2007-2Lexique et écrits scientifiques
(The lexicon in scientific texts)
This issue has been put on line in its integrality on the Cairn portal:
  • Agnès TUTIN (Grenoble 3)
    Autour du lexique et de la phraséologie des écrits scientifiques
    (Lexicon and phraseology of scientific texts)
    pp. 5-14
  • Peter BLUMENTHAL (Cologne, Allemagne)
    Sciences de l'Homme vs sciences exactes : combinatoire des mots dans la vulgarisation scientifique
    (Humanities vs Science: how to use words in scientific vulgarization)
    pp. 15-28

    Our contribution compares the lexical characteristics and combinatorial properties of nouns in two kinds of entries from the Encyclopædia Universalis (2005). We split the Encyclopædia into two big subcorpora, one for texts dealing with the humanities, the other for texts representing the natural sciences. We compared these subcorpora in terms of lexical overlaps, lexically distinctive features and combinatorial properties of certain nouns. On the basis our tools to determine the combinatory profile of words and to compute degrees of similarity between them, profound lexical and semantic differences between both “academic cultures” emerged.

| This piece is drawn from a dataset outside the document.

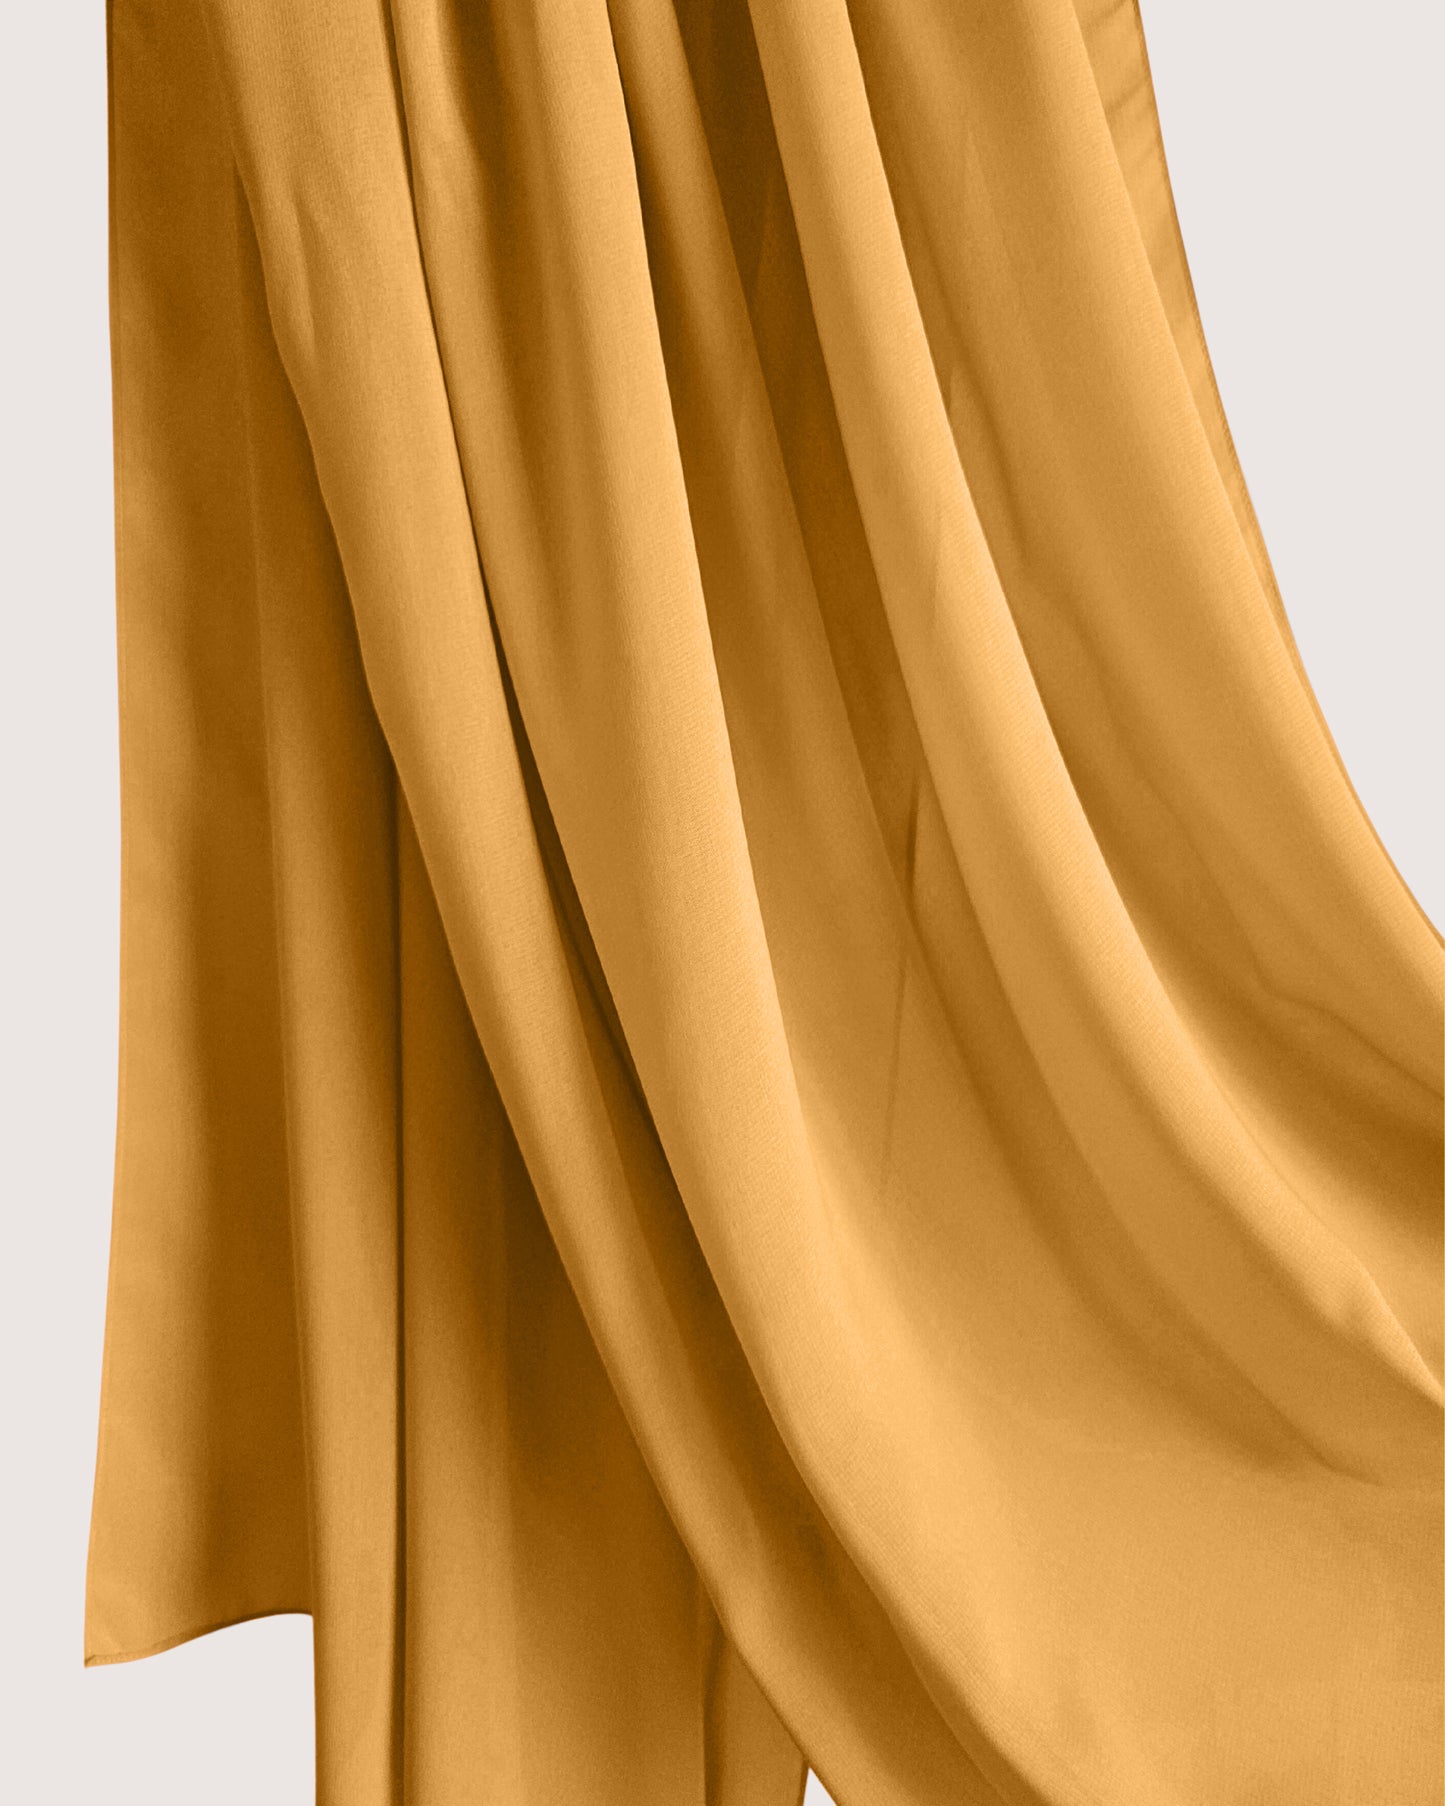 Premium marigold Chiffon Hijab Scarf

    Représentation et caractérisation lexicale des sciences dans Wikipédia
    (Lexical representation and categorization of science in Wikipedia)
    pp. 29-44

    The free and online encyclopaedia project Wikipedia has become in less than six years one of the most prominent commons-based peer-production example. The way the project works and evolves is now at stake for academics eager to explore auto-organized structures. Although many studies have been led on the connections between contributors, the linguistic properties of Wikipedia productions remain almost unexplored. In this article, we focus on the way sciences are represented within the project and examine the general and epistemic lexical characteristics of the articles thanks to the comparison of a set of corpora extracted from Wikipedia’s category system.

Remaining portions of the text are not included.